Complex coupling between surface charge and thermo-osmotic phenomena

TL;DR

This study investigates how surface charge distribution influences thermo-osmotic flows and electric currents at liquid-solid interfaces, revealing complex coupling effects crucial for optimizing waste heat recovery systems.

Contribution

It provides new insights into the impact of surface charge distribution on interfacial enthalpy excess and thermo-osmotic phenomena using molecular dynamics simulations and analytical models.

Findings

Surface charge significantly affects interfacial enthalpy excess.

Dependence of enthalpy excess on charge distribution varies with surface conditions.

Wetting has minimal impact on charge-enthalpy coupling.

Abstract

Thermo-osmotic flows, generated at liquid-solid interfaces by thermal gradients, can be used to produce electric currents from waste heat on charged surfaces. The two key parameters controlling the thermo-osmotic current are the surface charge and the interfacial enthalpy excess due to liquid-solid interactions. While it has been shown that the contribution from water to the enthalpy excess can be crucial, how this contribution is affected by surface charge remained to be understood.

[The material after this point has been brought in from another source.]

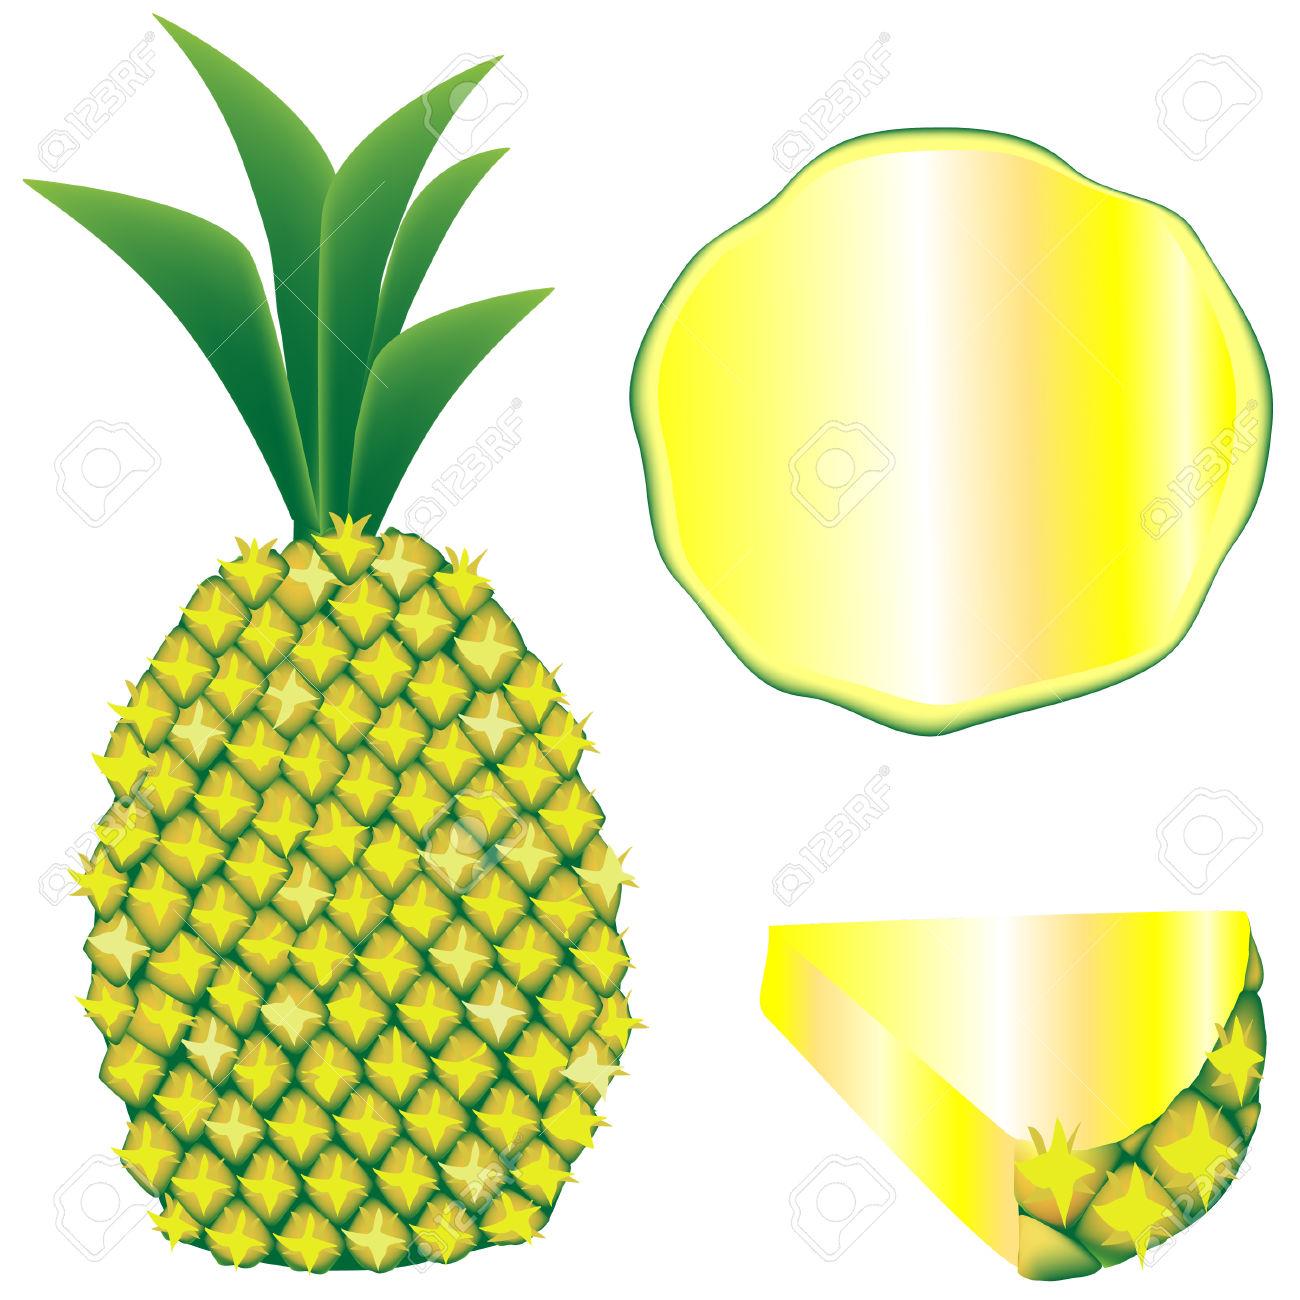 Textured Illustrazione Vettoriale Di Un Intero Ananas, Fetta, E.

Here, we start by discussing how thermo-osmotic flows and induced electric currents are related to the interfacial enthalpy excess. We then use molecular dynamics simulations to investigate the impact of surface charge on the interfacial enthalpy excess, for different distributions of the surface charge, and two different wetting conditions. We observe that surface charge has a strong impact on enthalpy excess, and that the dependence of enthalpy excess on surface charge depends largely on its distribution. In contrast, wetting has a very small impact on the charge-enthalpy coupling. We rationalize the results with simple analytical models, and explore their consequences for thermo-osmotic phenomena. Overall, this work provides guidelines to search for systems providing optimal waste heat recovery performance.